VYPR
researchPublished Jul 2, 2026· 1 source

AI Agents Expose Gaps in Traditional Identity Management Systems

The proliferation of AI agents is challenging legacy identity lifecycle management systems, which were designed for human employees and lack the controls to govern autonomous digital principals.

Traditional identity lifecycle management (ILM) systems, the backbone of enterprise access control, are facing a fundamental challenge: they were built for humans, not for the rapidly expanding world of AI agents. These systems rely on a human-centric model where identities are tied to HR records, managers, and defined employment durations. As AI agents become increasingly autonomous and integrated into business processes, they operate outside this established framework, creating significant blind spots for security and governance tools.

The core of traditional ILM is the "joiner, mover, leaver" model, driven by HR systems like Workday or SAP SuccessFactors. A new hire triggers provisioning, a role change updates attributes and entitlements, and a termination event initiates deprovisioning. This deterministic process ensures that access rights are aligned with verifiable organizational facts and roles. Identity Governance and Administration (IGA) tools build upon this foundation, enabling access certifications, enforcing separation-of-duties, and providing audit trails for compliance with regulations like SOX and HIPAA.
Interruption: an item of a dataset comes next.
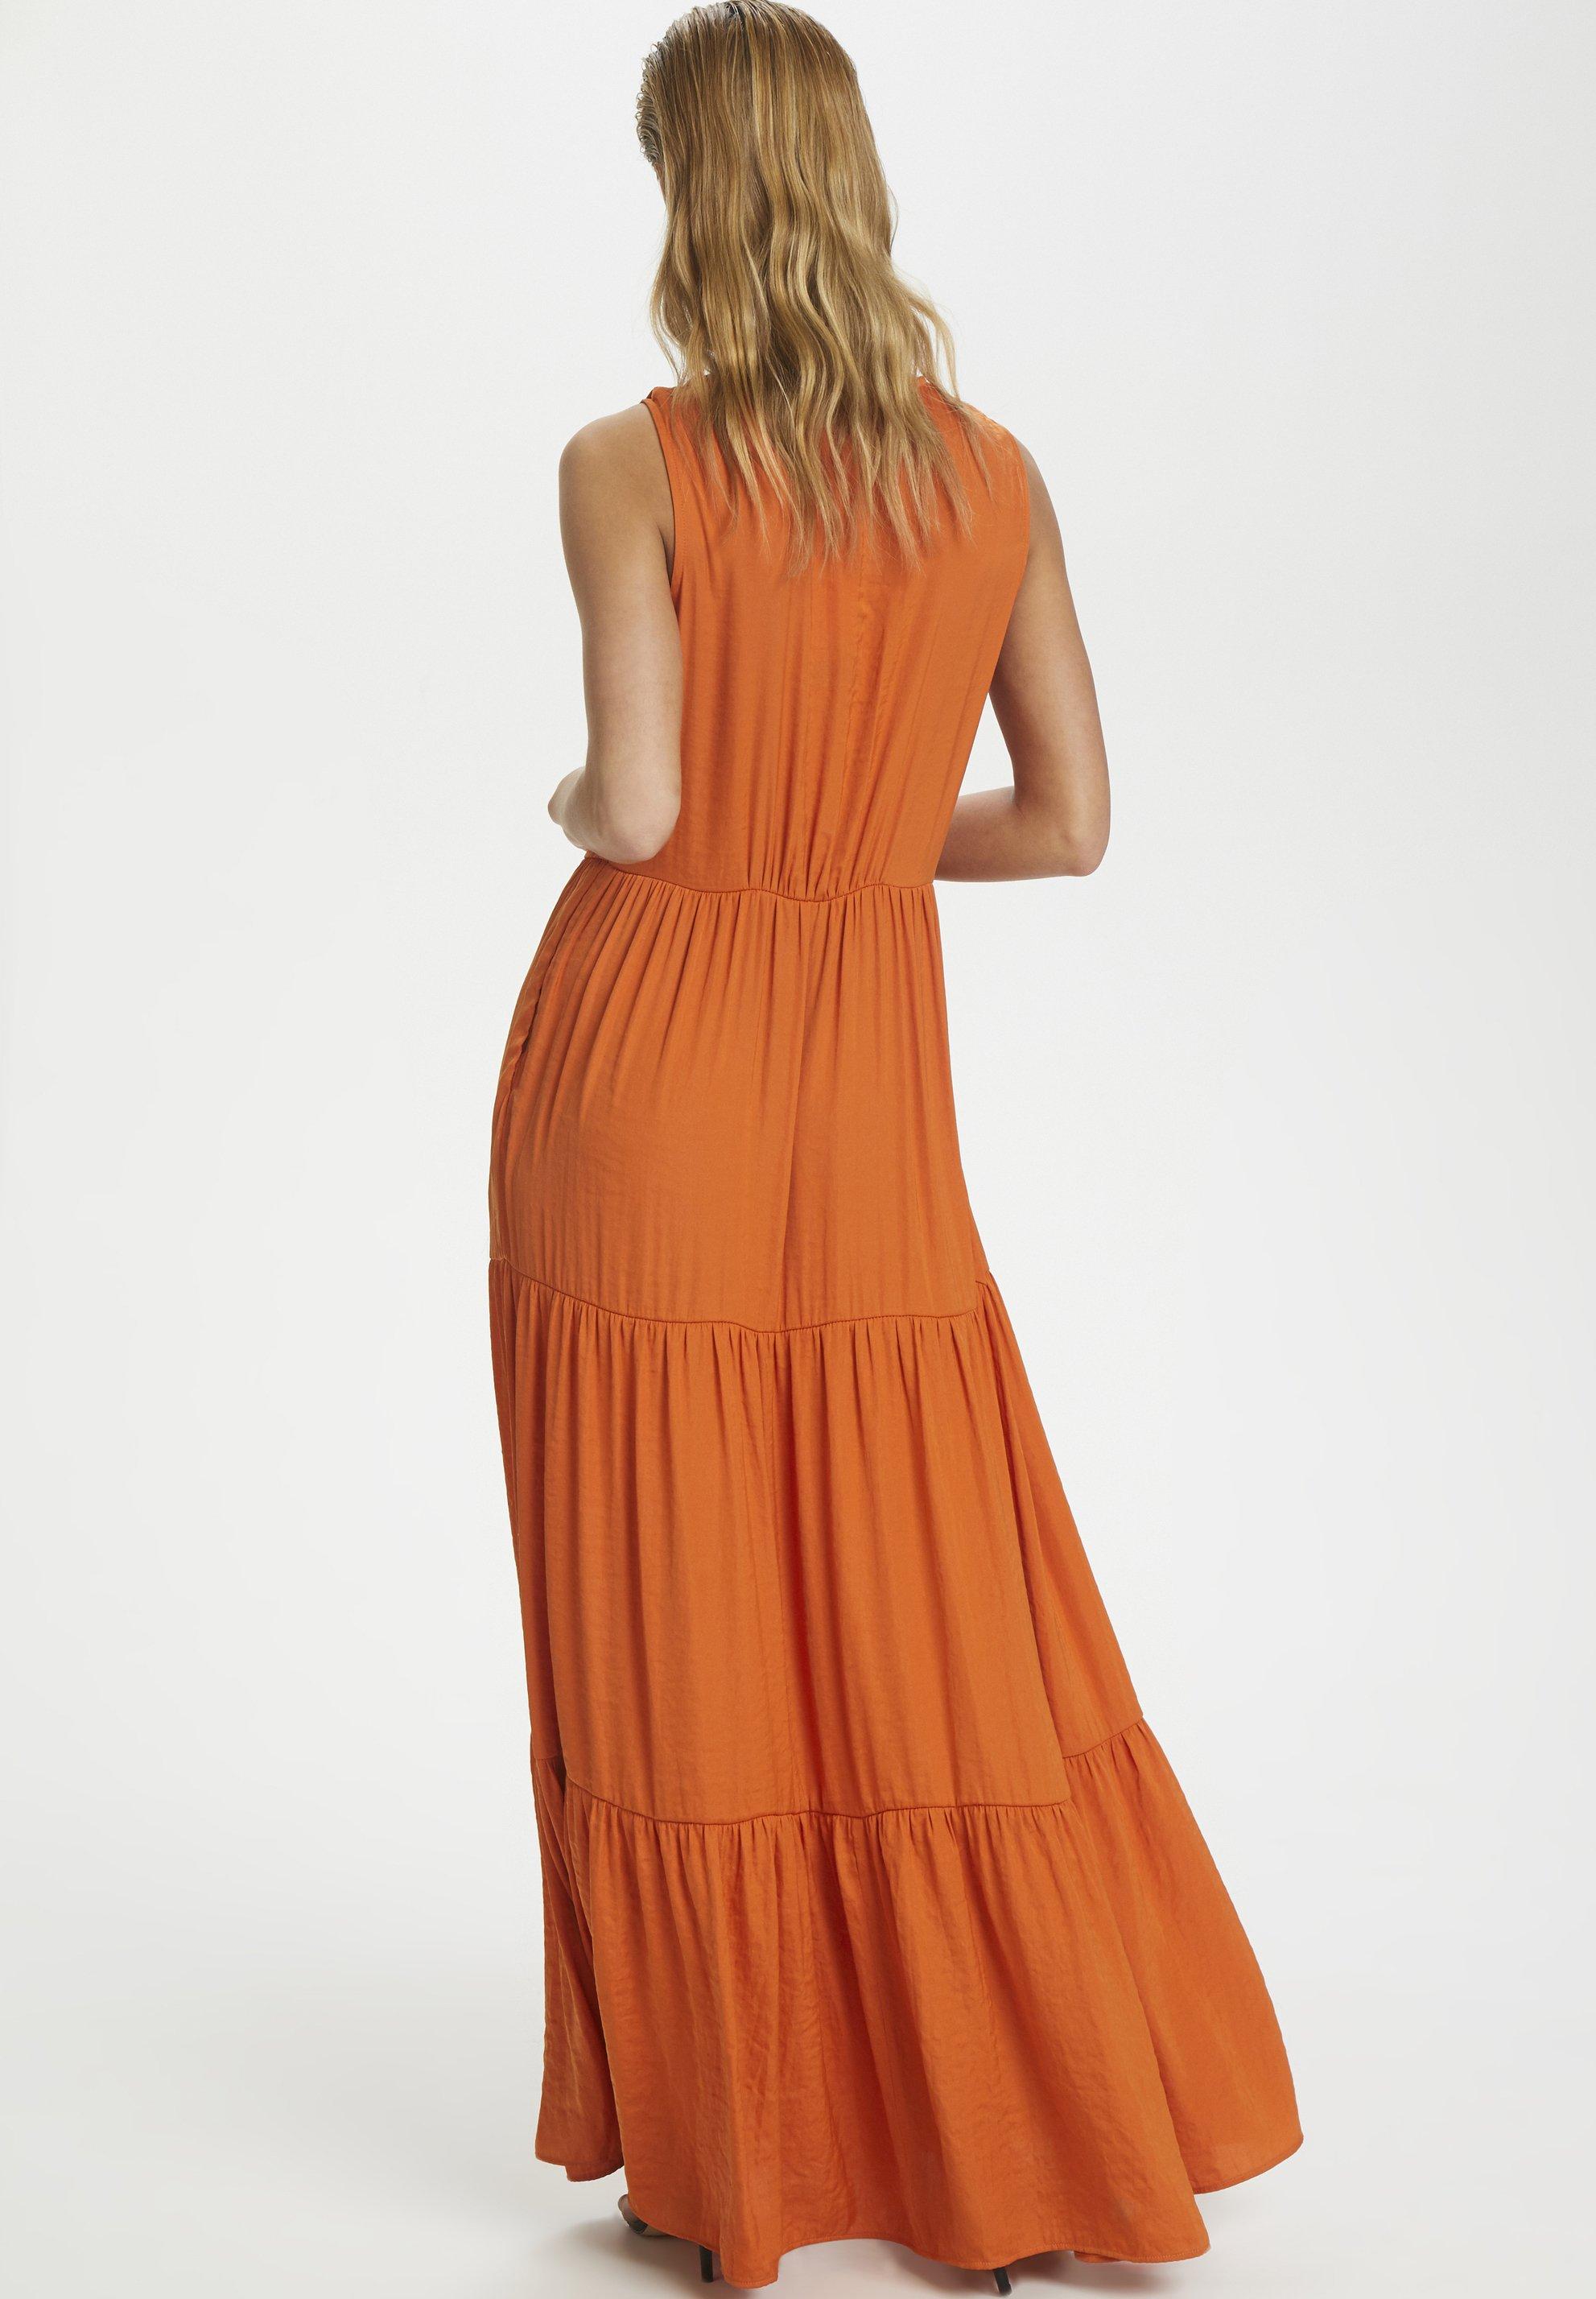 Soaked In Luxury Slkellan Maxi Dress - Vestito Lungo Burnt Orange x33C0SB

However, AI agents do not follow this human-centric path. They are not hired through HR, have no managers, and do not have defined departure dates. Instead, they are created by engineers, deployed via automated pipelines, or spun up by orchestration frameworks. Their initial credentials and permissions are often set by developers or granted by default by the platform, bypassing the HR-driven provisioning workflows that traditional IGA systems depend on.

This divergence means that AI agents often land in production with excessive or inappropriate permissions, acquired through service accounts, API keys, or developer consent flows, none of which are typically governed by standard IGA platforms. While an IGA system might see a service account, it fails to recognize the autonomous nature of an AI agent that can make dynamic access decisions, traverse API boundaries, and accumulate operational scope far beyond a static machine identity.

The problem is compounded by the dynamic nature of AI agent operations. Unlike human roles, which have relatively fixed boundaries, AI agents can evolve their scope through tool-calling, Retrieval-Augmented Generation (RAG), or chaining actions across different services. An agent designed for a specific task might, through its operational patterns, begin accessing systems or data it was never explicitly provisioned for, creating a drift in access rights that traditional role-based access control (RBAC) models cannot track or manage.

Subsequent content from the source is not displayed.